Stored data:
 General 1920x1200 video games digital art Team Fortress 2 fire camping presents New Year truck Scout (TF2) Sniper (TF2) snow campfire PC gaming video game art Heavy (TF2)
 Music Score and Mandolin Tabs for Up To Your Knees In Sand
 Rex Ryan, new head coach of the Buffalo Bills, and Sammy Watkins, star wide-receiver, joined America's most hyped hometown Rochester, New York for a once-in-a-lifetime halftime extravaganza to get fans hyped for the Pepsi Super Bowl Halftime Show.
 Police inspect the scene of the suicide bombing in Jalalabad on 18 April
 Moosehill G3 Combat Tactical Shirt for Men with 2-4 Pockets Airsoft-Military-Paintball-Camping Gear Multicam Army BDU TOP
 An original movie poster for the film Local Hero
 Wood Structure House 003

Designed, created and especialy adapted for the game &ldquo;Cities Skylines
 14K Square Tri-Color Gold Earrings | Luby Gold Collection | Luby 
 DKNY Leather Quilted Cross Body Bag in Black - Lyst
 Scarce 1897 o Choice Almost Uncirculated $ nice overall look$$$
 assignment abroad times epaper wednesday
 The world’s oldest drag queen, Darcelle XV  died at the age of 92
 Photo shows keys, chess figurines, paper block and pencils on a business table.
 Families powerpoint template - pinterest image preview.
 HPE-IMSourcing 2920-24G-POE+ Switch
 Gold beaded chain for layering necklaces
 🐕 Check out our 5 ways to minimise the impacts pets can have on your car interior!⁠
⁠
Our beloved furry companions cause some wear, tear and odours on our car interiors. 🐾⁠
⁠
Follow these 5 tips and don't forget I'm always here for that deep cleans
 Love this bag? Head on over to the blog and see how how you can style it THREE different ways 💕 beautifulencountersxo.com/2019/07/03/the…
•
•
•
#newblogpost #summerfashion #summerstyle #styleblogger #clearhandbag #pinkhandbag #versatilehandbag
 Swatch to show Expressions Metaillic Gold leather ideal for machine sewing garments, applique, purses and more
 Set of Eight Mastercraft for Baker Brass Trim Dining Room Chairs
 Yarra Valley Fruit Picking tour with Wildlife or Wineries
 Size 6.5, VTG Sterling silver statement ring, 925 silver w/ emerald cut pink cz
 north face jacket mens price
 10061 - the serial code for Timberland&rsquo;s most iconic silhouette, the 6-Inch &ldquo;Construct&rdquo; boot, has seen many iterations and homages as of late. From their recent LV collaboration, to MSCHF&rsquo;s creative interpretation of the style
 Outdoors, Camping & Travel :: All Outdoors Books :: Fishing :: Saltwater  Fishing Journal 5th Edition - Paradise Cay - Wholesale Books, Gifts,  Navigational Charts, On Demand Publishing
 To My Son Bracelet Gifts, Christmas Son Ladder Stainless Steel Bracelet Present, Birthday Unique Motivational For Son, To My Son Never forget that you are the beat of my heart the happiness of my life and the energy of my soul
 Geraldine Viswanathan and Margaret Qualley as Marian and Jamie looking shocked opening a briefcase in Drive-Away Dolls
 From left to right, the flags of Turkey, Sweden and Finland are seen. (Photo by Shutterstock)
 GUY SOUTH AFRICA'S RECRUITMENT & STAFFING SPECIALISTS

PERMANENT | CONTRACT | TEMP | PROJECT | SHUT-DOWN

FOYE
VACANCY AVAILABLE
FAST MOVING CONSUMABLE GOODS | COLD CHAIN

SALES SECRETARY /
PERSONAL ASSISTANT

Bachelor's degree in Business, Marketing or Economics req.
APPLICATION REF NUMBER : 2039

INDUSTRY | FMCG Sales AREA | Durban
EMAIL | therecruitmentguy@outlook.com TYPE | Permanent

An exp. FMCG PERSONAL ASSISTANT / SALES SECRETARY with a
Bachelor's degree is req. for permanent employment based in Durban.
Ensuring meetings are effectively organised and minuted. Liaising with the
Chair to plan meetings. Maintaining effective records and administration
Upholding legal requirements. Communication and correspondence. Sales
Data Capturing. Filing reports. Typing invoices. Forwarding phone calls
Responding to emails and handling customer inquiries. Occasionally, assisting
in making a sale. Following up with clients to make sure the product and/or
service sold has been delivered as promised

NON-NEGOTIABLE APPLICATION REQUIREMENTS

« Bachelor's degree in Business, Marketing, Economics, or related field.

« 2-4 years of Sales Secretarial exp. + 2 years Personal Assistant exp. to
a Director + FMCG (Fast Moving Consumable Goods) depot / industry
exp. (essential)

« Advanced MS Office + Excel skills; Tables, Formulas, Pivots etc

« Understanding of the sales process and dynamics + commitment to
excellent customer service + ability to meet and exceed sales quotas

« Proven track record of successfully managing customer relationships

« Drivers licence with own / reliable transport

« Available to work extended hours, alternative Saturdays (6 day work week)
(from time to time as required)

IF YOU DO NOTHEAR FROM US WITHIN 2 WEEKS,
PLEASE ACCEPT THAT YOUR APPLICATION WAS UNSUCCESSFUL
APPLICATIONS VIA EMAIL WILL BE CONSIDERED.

* [Assignment]
Lines after the one containing "assignment abroad times epaper wednesday" are not part of the task. Output the entries exactly from their first line through that one.

* [Exercise result]
 General 1920x1200 video games digital art Team Fortress 2 fire camping presents New Year truck Scout (TF2) Sniper (TF2) snow campfire PC gaming video game art Heavy (TF2)
 Music Score and Mandolin Tabs for Up To Your Knees In Sand
 Rex Ryan, new head coach of the Buffalo Bills, and Sammy Watkins, star wide-receiver, joined America's most hyped hometown Rochester, New York for a once-in-a-lifetime halftime extravaganza to get fans hyped for the Pepsi Super Bowl Halftime Show.
 Police inspect the scene of the suicide bombing in Jalalabad on 18 April
 Moosehill G3 Combat Tactical Shirt for Men with 2-4 Pockets Airsoft-Military-Paintball-Camping Gear Multicam Army BDU TOP
 An original movie poster for the film Local Hero
 Wood Structure House 003

Designed, created and especialy adapted for the game &ldquo;Cities Skylines
 14K Square Tri-Color Gold Earrings | Luby Gold Collection | Luby 
 DKNY Leather Quilted Cross Body Bag in Black - Lyst
 Scarce 1897 o Choice Almost Uncirculated $ nice overall look$$$
 assignment abroad times epaper wednesday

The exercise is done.